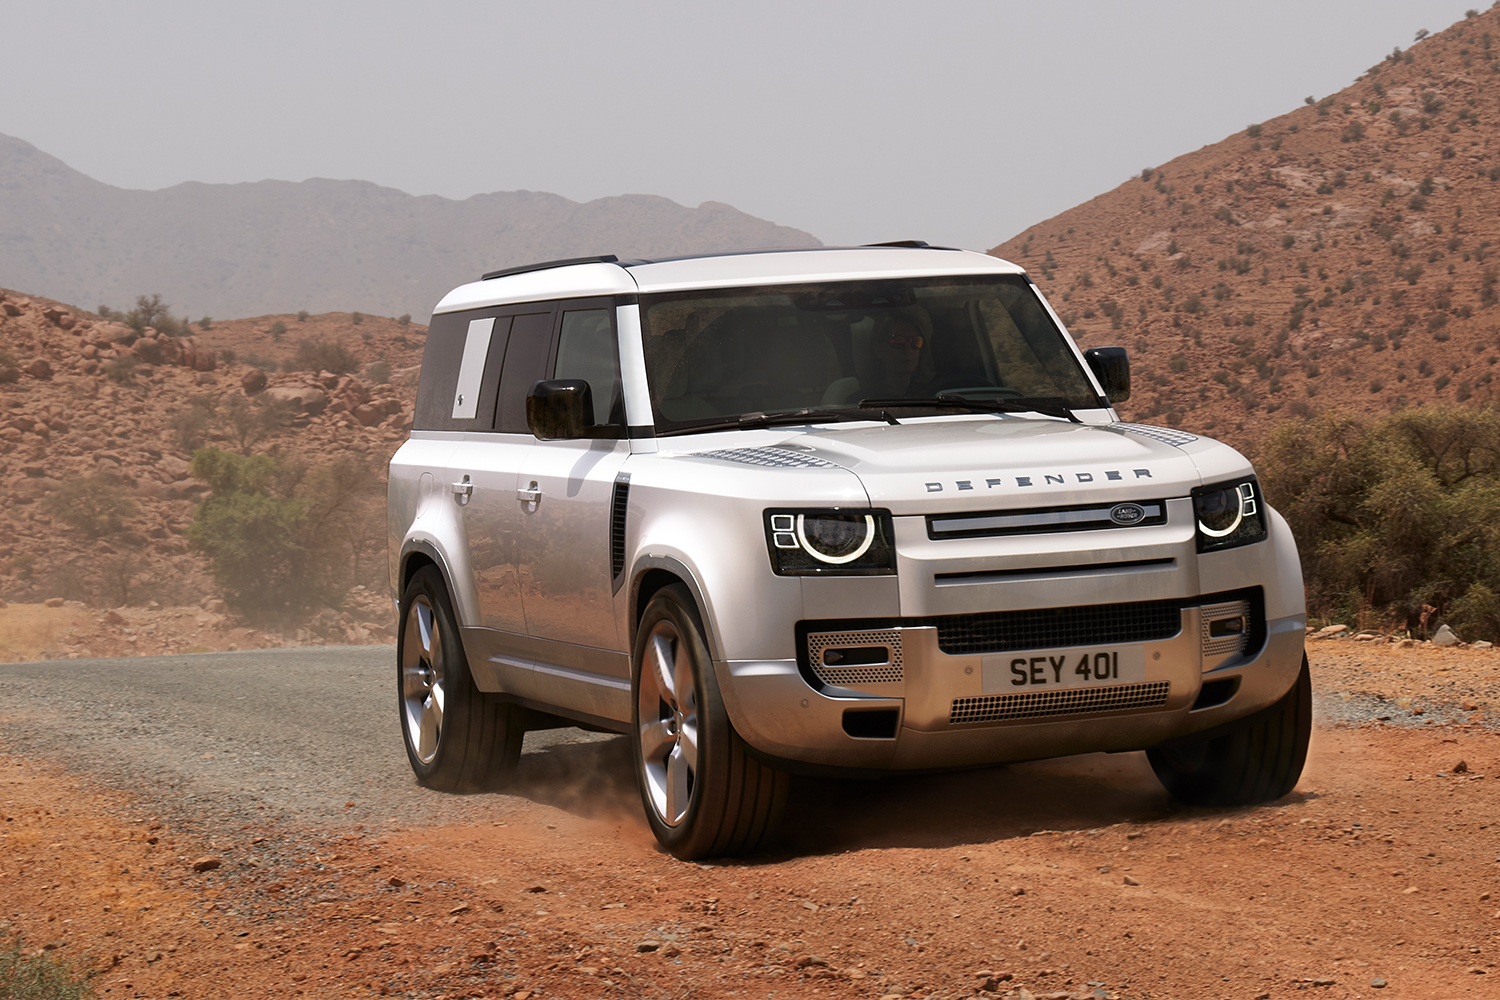 The Land Rover Defender 130, the three-row version of the SUV, in white driving down a sandy road
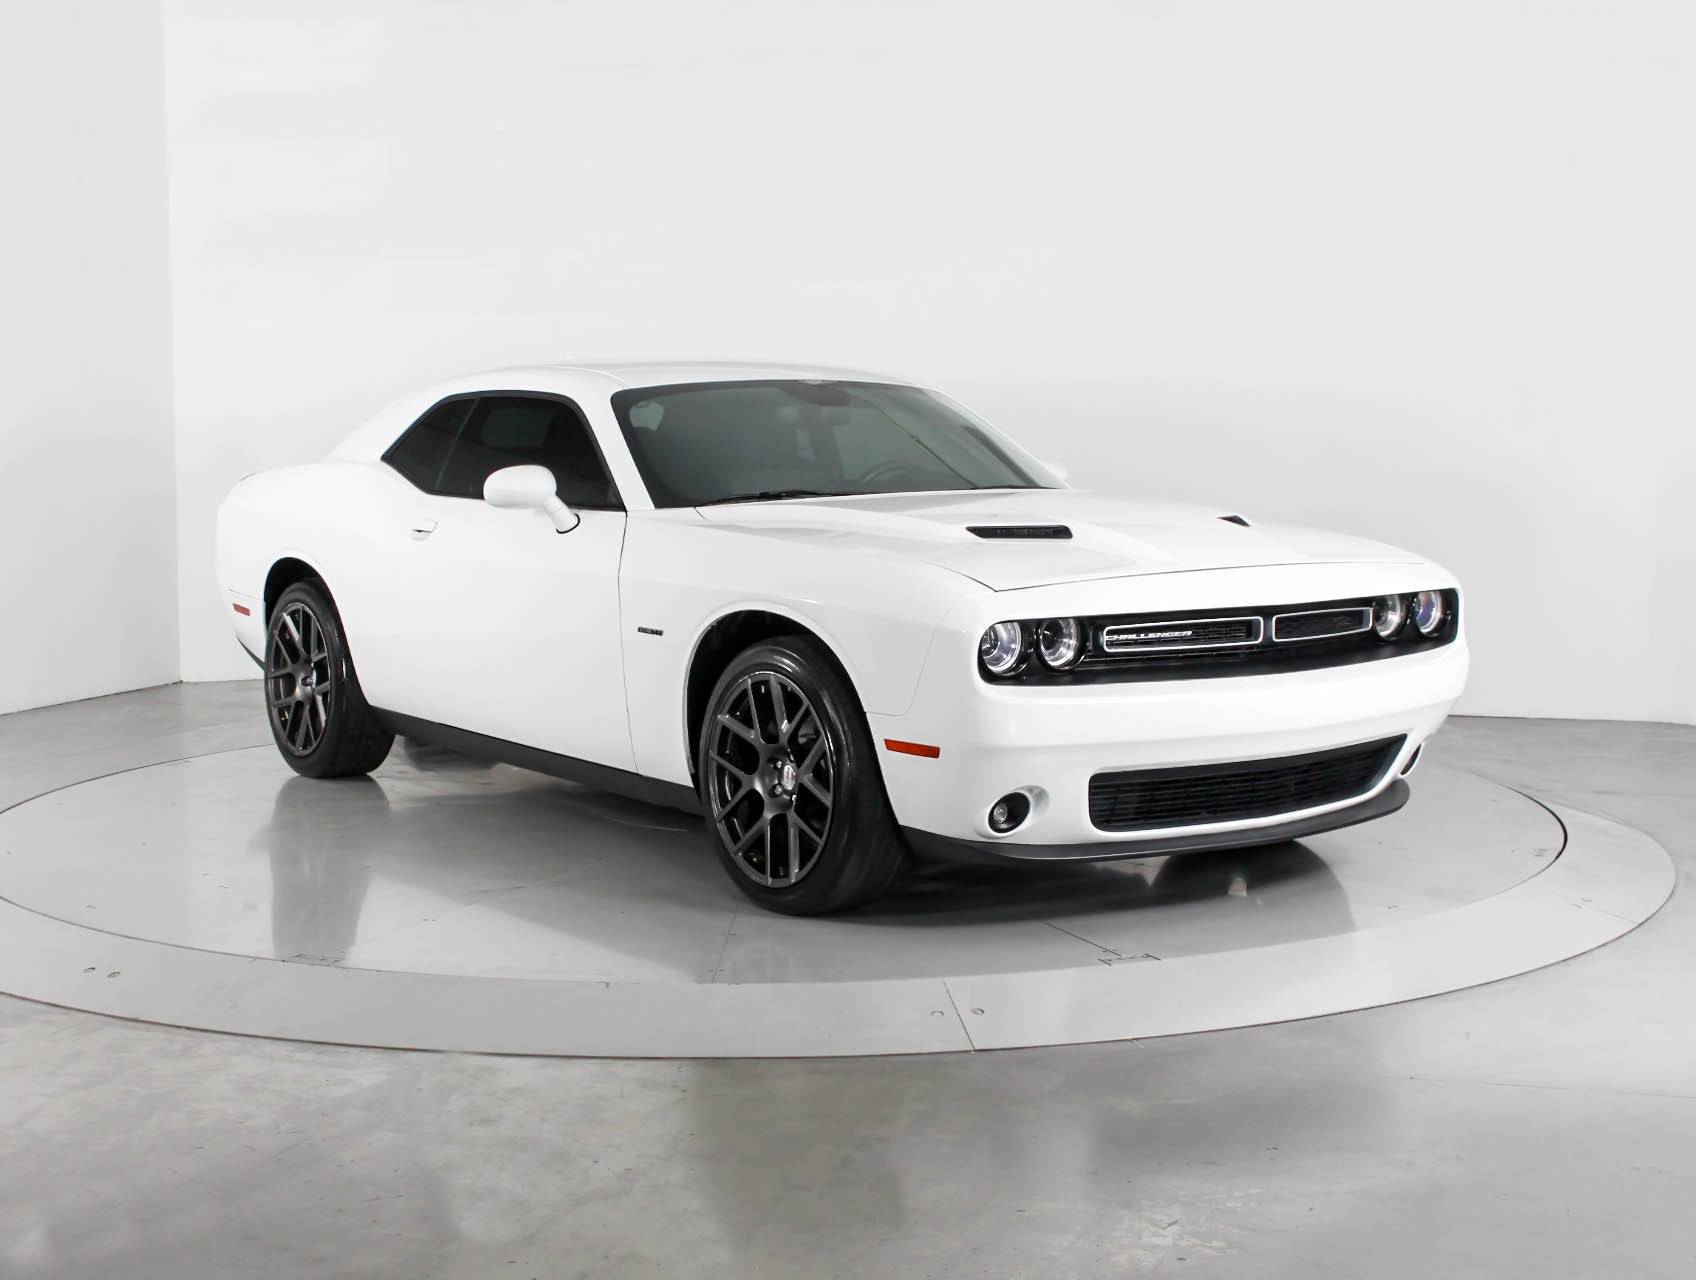 Florida Fine Cars - Used DODGE CHALLENGER 2016 HOLLYWOOD R/t
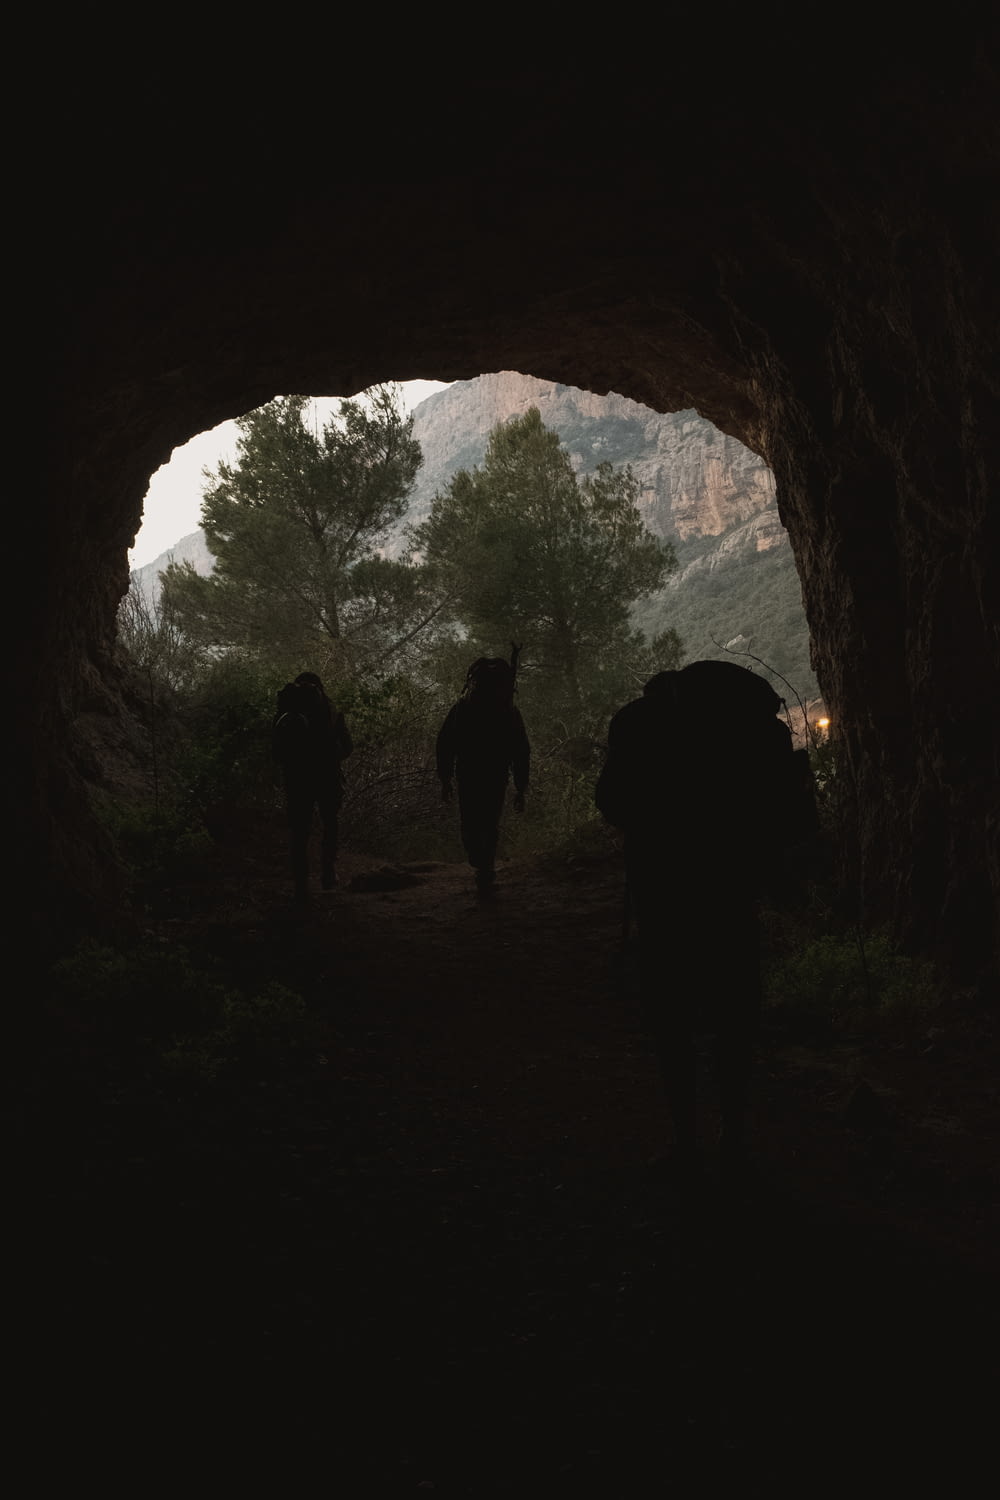 silhouette of 2 person standing inside cave during daytime
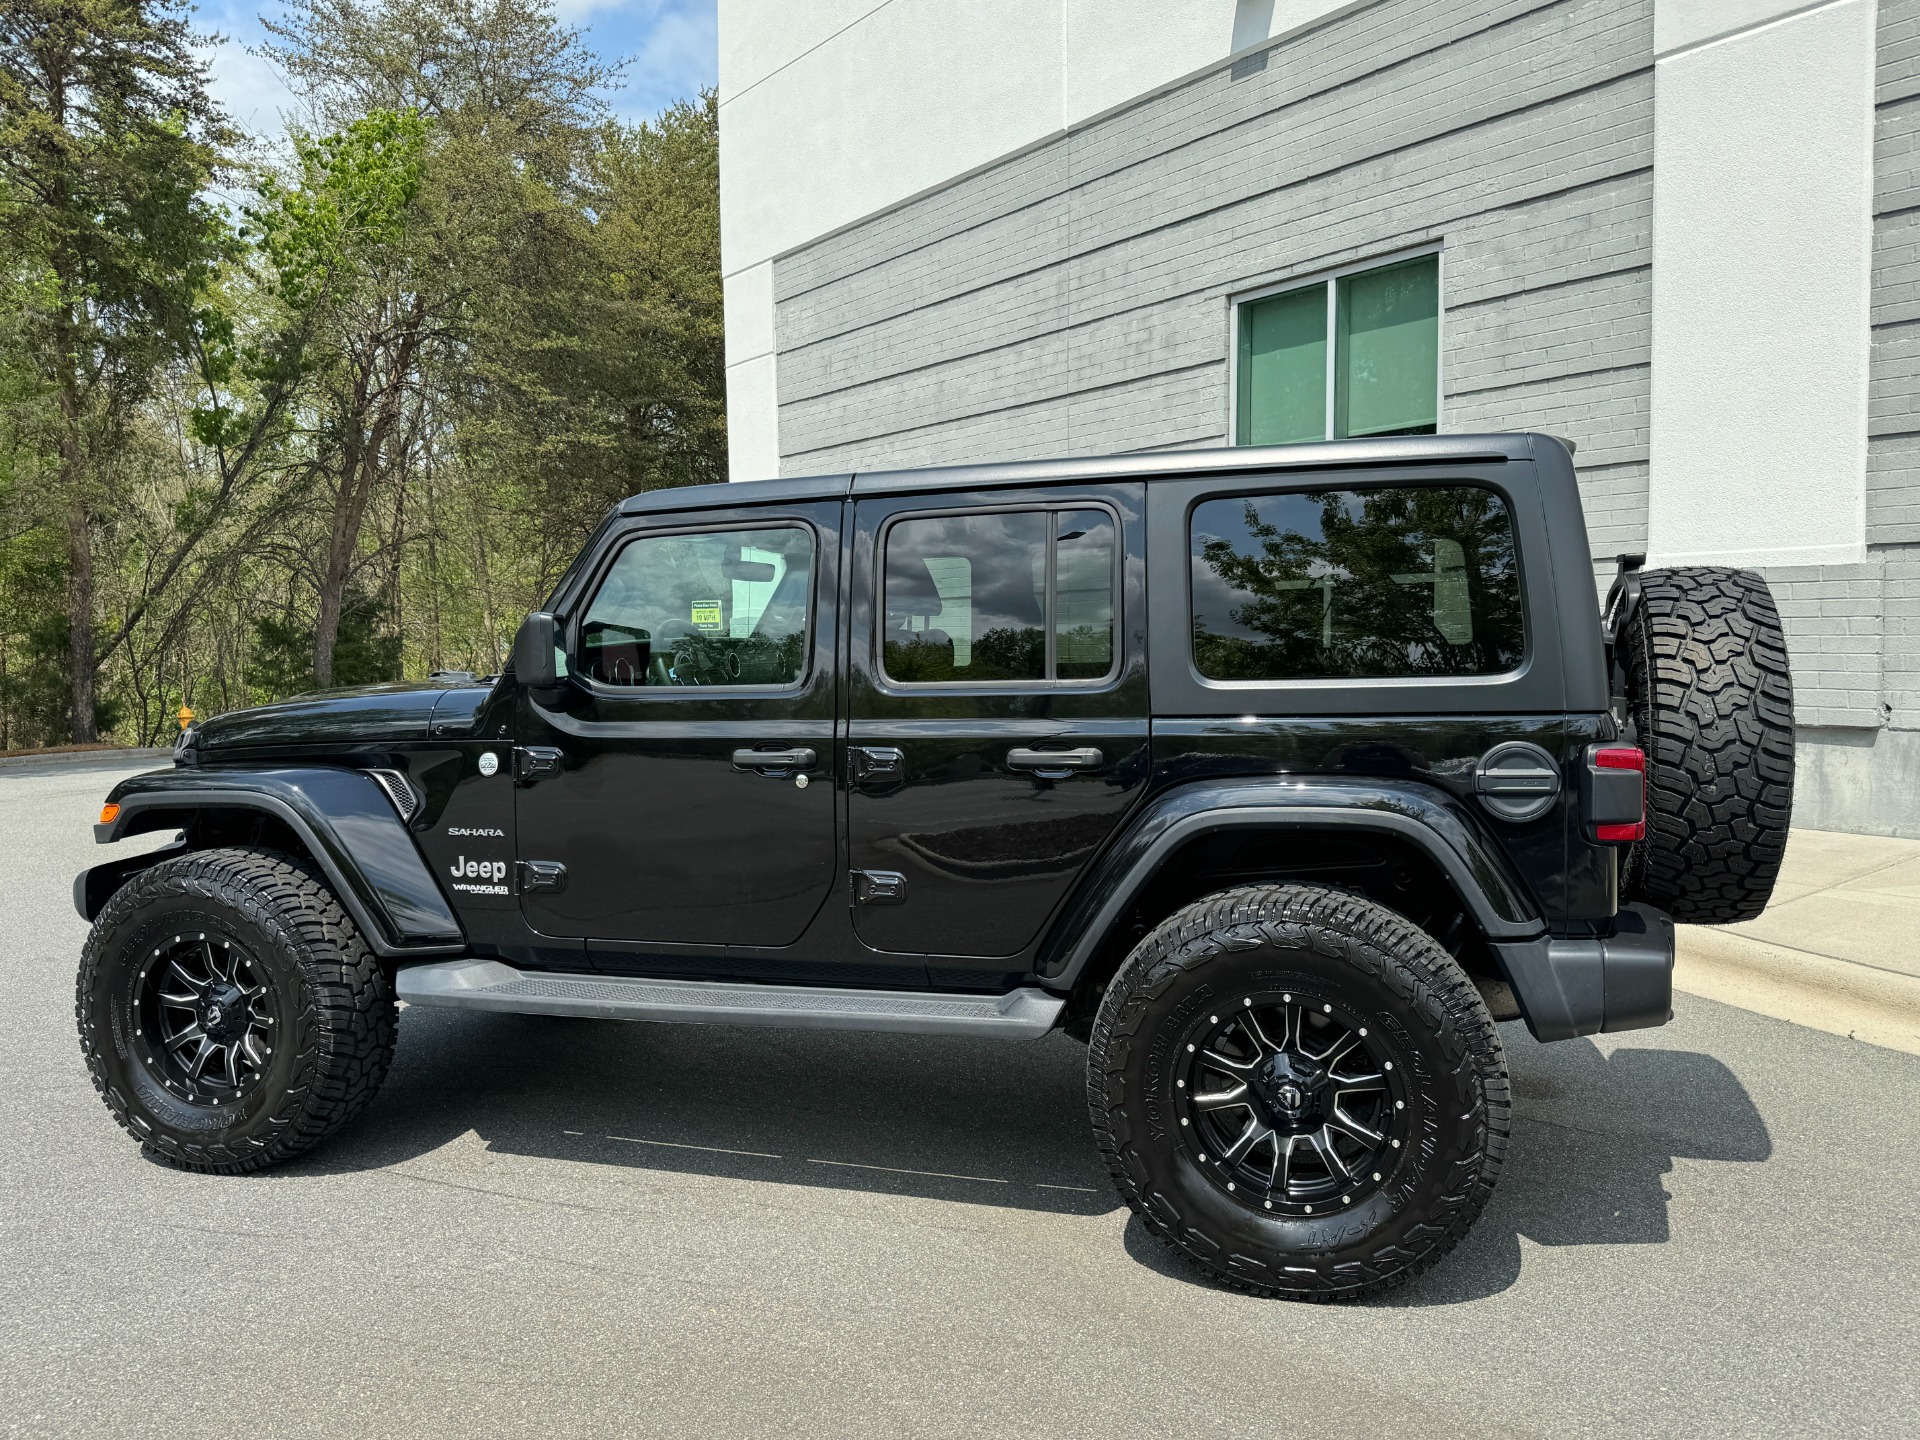 Used 2018 Jeep WRANGLER UNLIMITED SAHARA 4X4 / MANUAL / NAV / ALPINE / FREEDOM TOP / REARVIEW for sale Sold at Formula Imports in Charlotte NC 28227 7

» TASK STATEMENT: Set the listing down in full and exactly. Pictures within it should not appear in the copy.

» EXERCISE ANSWER:
 The Land Rover Defender 130, the three-row version of the SUV, in white driving down a sandy road
 Florida Fine Cars - Used DODGE CHALLENGER 2016 HOLLYWOOD R/t
 silhouette of 2 person standing inside cave during daytime
 Used 2018 Jeep WRANGLER UNLIMITED SAHARA 4X4 / MANUAL / NAV / ALPINE / FREEDOM TOP / REARVIEW for sale Sold at Formula Imports in Charlotte NC 28227 7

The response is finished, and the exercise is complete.